Regarding the decision to commence VET or general education, we assume that pupils (and their parents) take the regional opportunity structures into account. The opportunity structures of the region in which they reside deliver information on opportunities and constraints related to different educational alternatives. This information, we assume, influences their educational aspirations and final decisions. Variation in the opportunity structures across regions should thus (partly) explain the variation observed in pupils’ educational aspirations as well as the upper secondary track they attend (hypothesis 1). The question as to whether these opportunity structures have an impact on the educational attainment net of individual resources and the institutional setting of the education system needs to be answered empirically.

Based on the discussion above, we argue that regional opportunity structures in Switzerland differ with respect to the diversity and extent of the supply of educational alternatives. On the other hand, due to the strongly developed VET system and the strong ties between the education system and labor market, the feasible set of educational alternatives depends on the condition as well as the structure of the regional labor market. Therefore, regions that differ in terms of occupational structure, relative importance of labor market sectors, and dynamics of the labor market provide varying opportunity structures. In regards to upper secondary educational attainment, we expect the following: The more extensive the regional opportunity structures are, the higher the probability that pupils opt for general education programs (hypothesis 2). We argue that regions that can be characterized by more extensive opportunity structures provide a broader range of not only vocationally but also academically oriented educational alternatives as well as bridge year courses. Additionally, in these regions, the proportion of occupations and workplaces in the third sector has significantly increased in the last few decades. This development has deteriorated to some extent the employment prospects of persons with vocational qualifications (Oesch 2013; Murphy 2014). The reason is that, when filling vacant posts that can be assigned to the third sector, firms prefer graduates from school based training rather than graduates from dual VET, and their willingness to train apprentices has decreased (Sheldon 2008; Salvisberg and Sacchi 2014). In contrast, due to the trajectory of historical development, the widest range of apprenticeships exists, even today, within the commercial and industrial sectors (Gonon 2012). Accordingly, in regions in which the second sector of the labor market remains of great importance, the opportunity structures may divert pupils from attending a general education program.

Methods

Data

To analyze the transition from lower to upper secondary education, we use recent data from the DAB panel study (Determinants of educational choices and vocational training opportunities). The focus of the DAB panel study is on the decision-making process and educational pathways of pupils that left compulsory education in summer 2013. The data are based on a stratified random sample of classes of 8th graders of the 2011/12 school year within German-speaking Switzerland (for details, see (Glauser 2015), 125–132). The survey time points were in the middle of the 8th grade (Jan/Feb 2012) as well as at the beginning (Sept/Oct 2012) and end (May/June 2013) of the final year of compulsory education. Data on the actual transition were collected in a follow-up study approximately 15 months after pupils had left lower secondary education in October/November 2014. While in the first three waves the students were surveyed within their classes using online questionnaires, the follow-up was conducted as an individual survey, using a combination of online questionnaires and computer assisted telephone interviews (CATI). At the class level, 215 to 199 out of the 296 classes sampled (72.6–67.2 %) and, at the individual level, approximately 3700–3300 students (response rates within waves: 90–96 %) participated in the first three waves. Due to missing contact information, 2550 out of 3302 pupils who participated in wave 3 were invited to participate and 2237 pupils (87.7 %) participated in the follow-up. For the analysis, the sample was restricted to 2192 students who had participated in the follow-up and for whom information on educational attainment at upper secondary level was available.

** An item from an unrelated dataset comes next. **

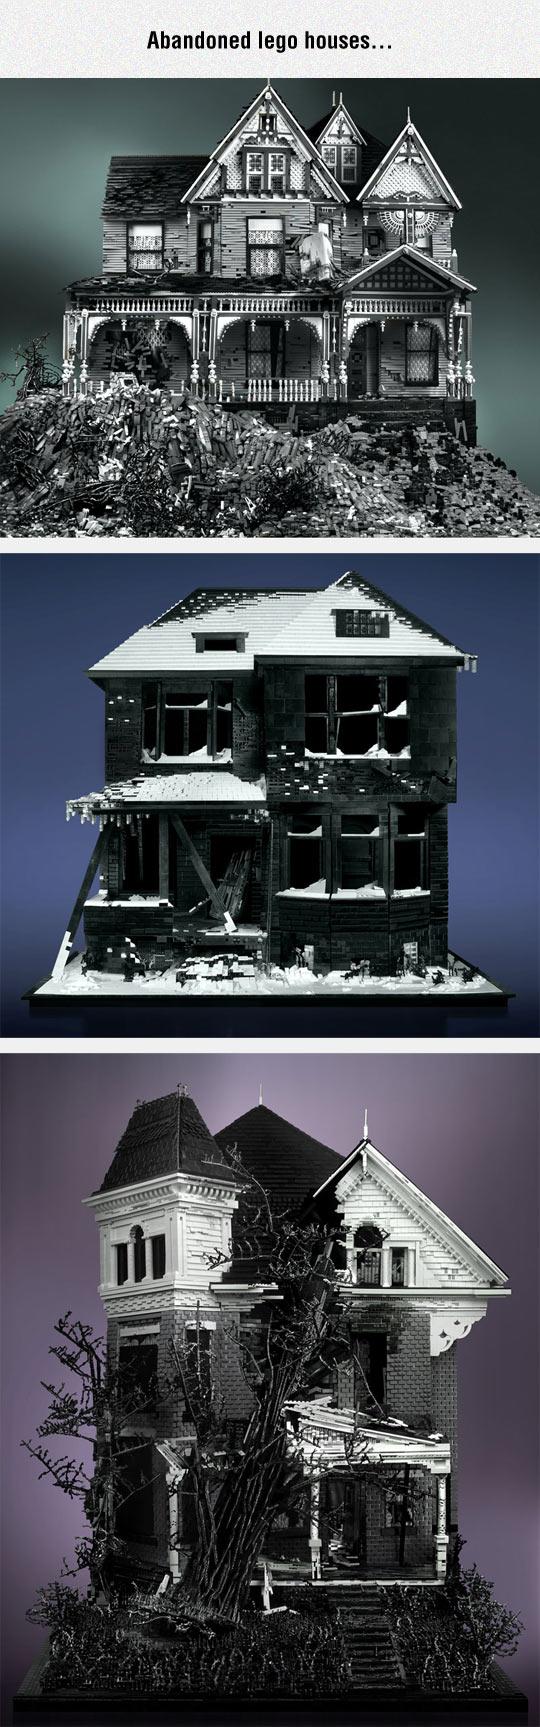 funny-Lego-abandoned-houses-haunted

To avoid loss of cases and hence statistical power, the data was multiply imputed using chained equations (Allison 2001; White et al. 2011). Full information was available for the following variables: the educational situation directly after as well as 15 months after completion of compulsory education, the scaling variable of the regional opportunity structures, gender and attended school type at lower secondary level. The following variables are imputed (# missing values): GPA in German (160 Obs.) and mathematics (195 Obs.), parental social class (EGP; 165 Obs.) and educational level (361 Obs.) as well as pupils’ educational aspirations from mid 8th grade (138 Obs.). Since we use grades in standardized form in the analysis, the “just another variable” (JAV) approach is used to impute missing values on GPA. Additionally, information on the sampling structure (strata, class) was used for data imputation. The convergence of the imputation model and the specifications of the number of iterations for the burn-in period is assessed using trace line plots. We use 30 iterations for the burn-in period. The multivariate and descriptive analyses are based on 50 imputed data sets.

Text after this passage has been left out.